**What the task requires**: Reproduce from the records below, with no pictures, exactly the lines between the one containing "Children and dogs in park illustration" and the one containing "Red flying advertising", inclusive.

**Given records**:
= = = = = = =

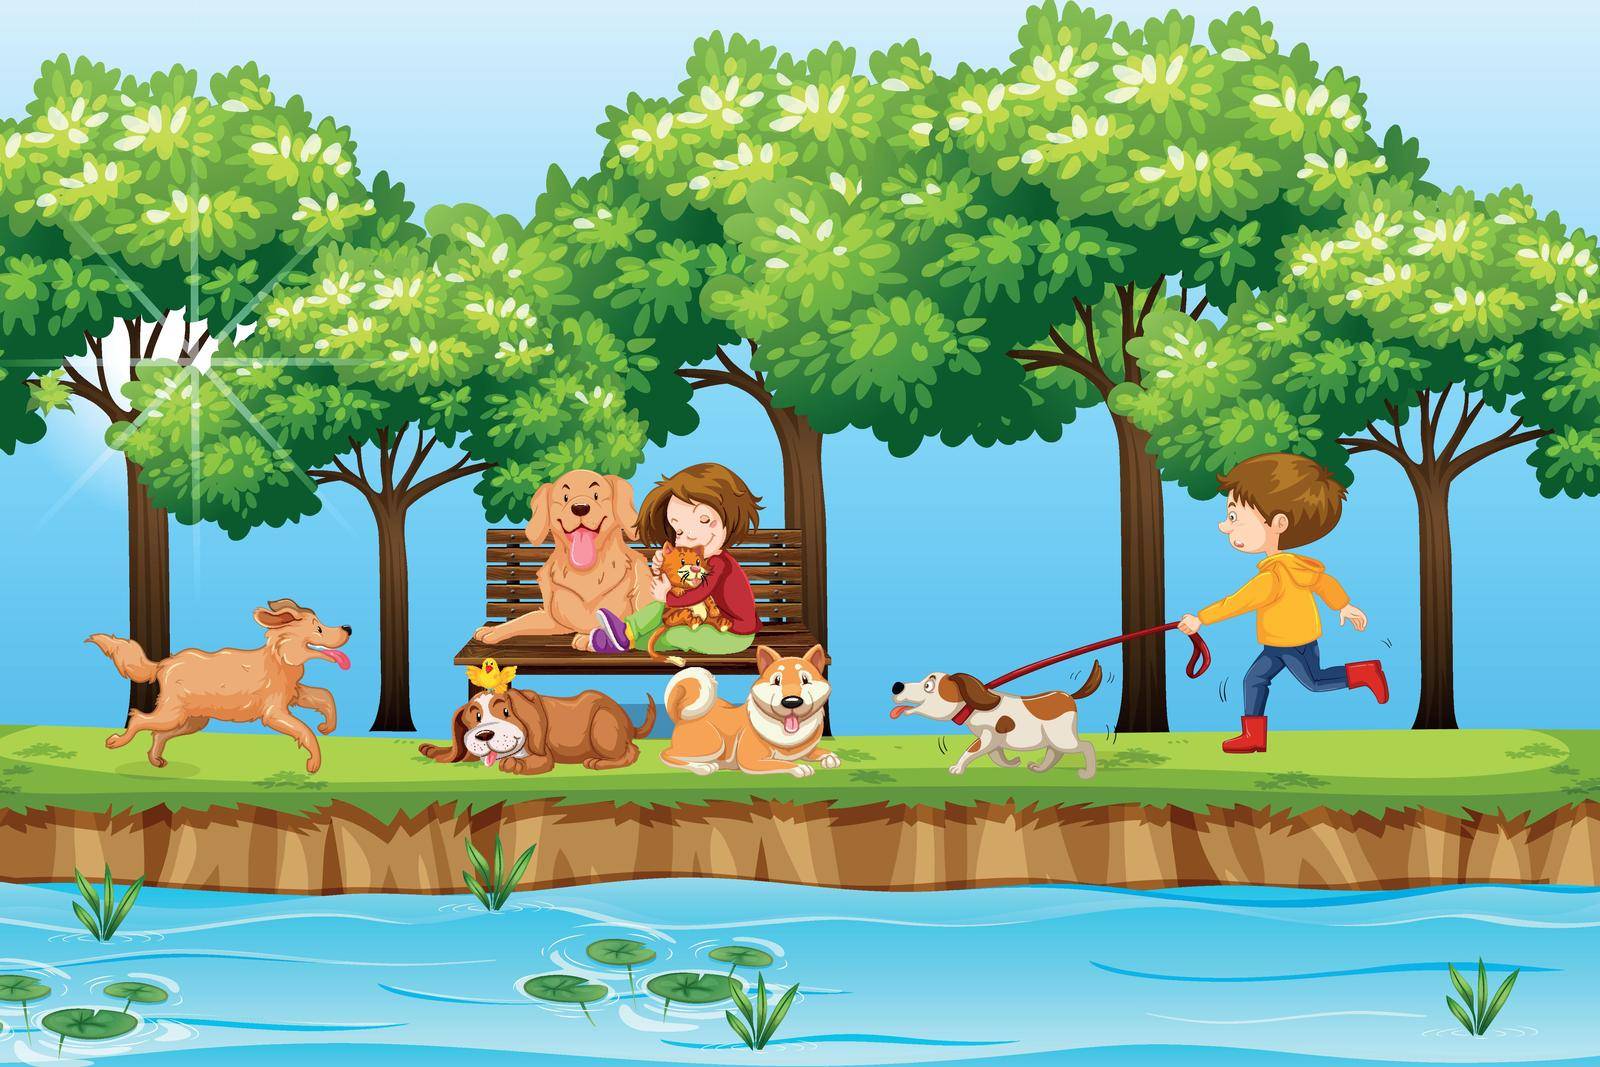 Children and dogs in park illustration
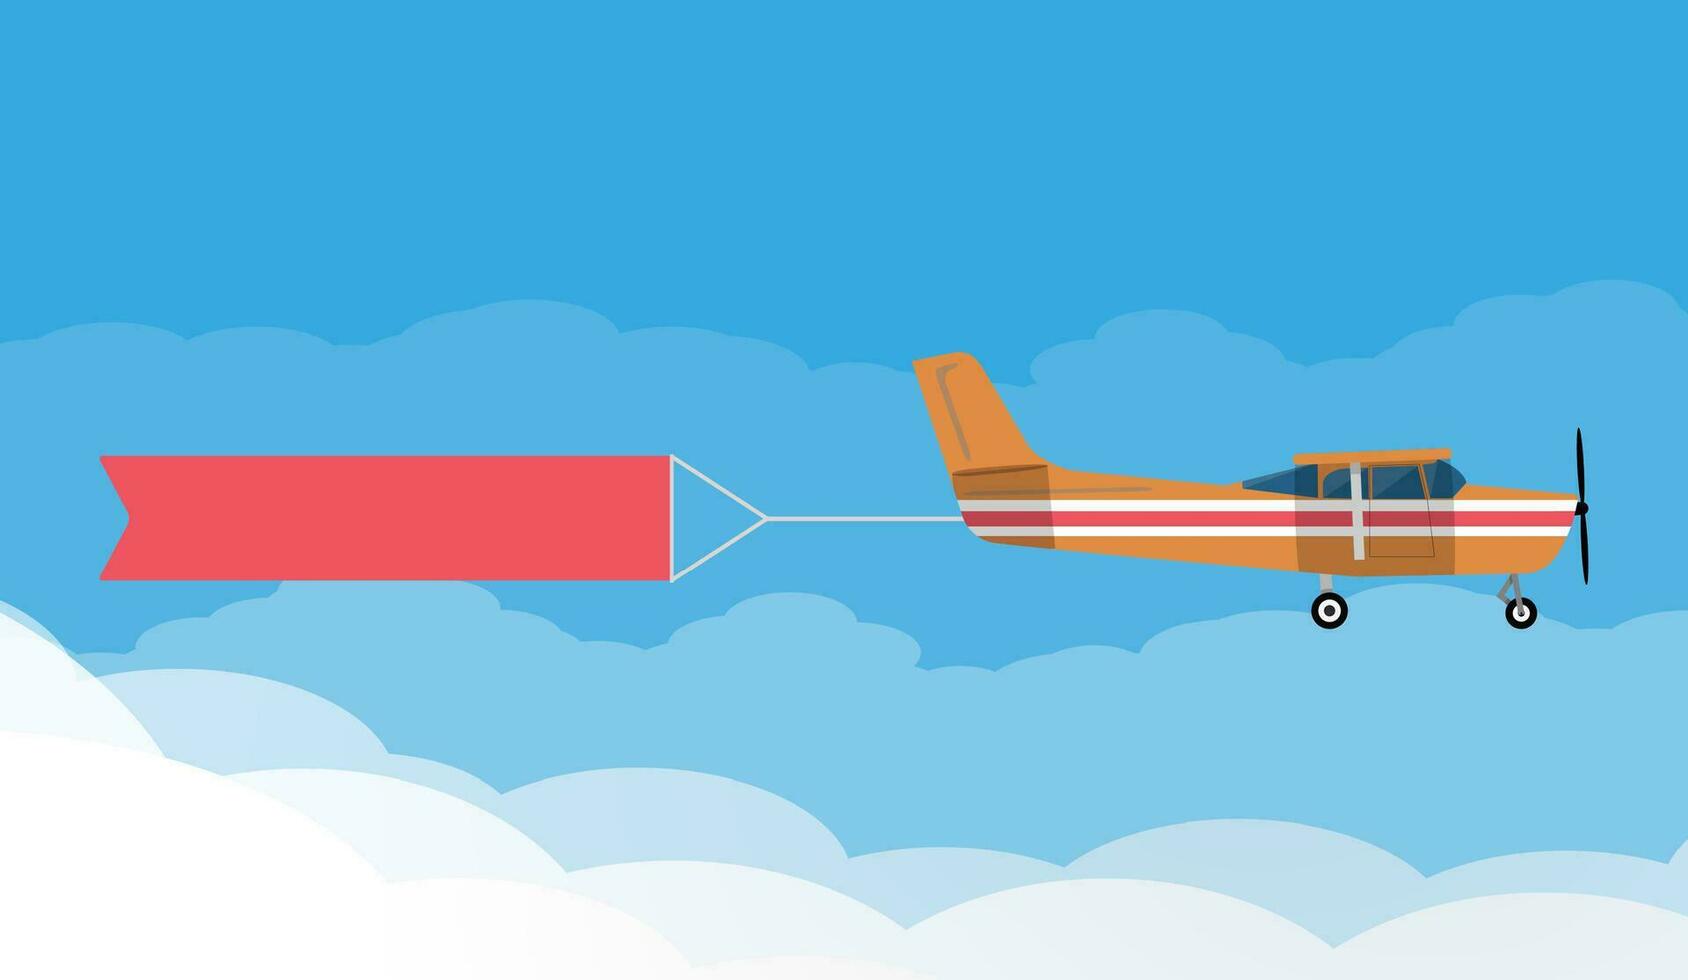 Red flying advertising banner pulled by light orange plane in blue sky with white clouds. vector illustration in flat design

= = = = = = =

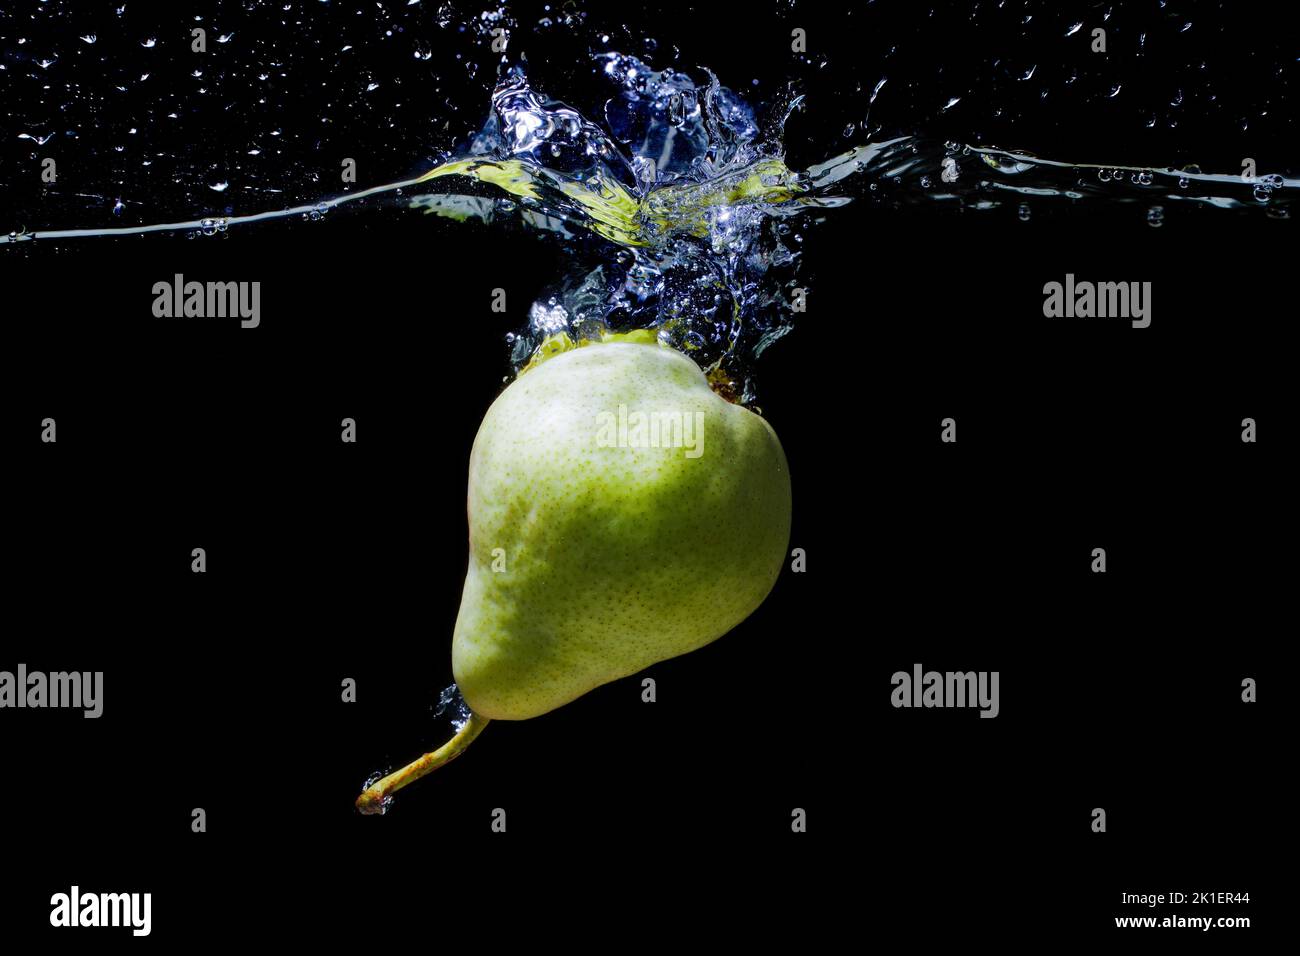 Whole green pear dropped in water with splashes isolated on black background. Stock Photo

= = = = = = =

**Solution to the exercise**:
 Children and dogs in park illustration
 Red flying advertising banner pulled by light orange plane in blue sky with white clouds. vector illustration in flat design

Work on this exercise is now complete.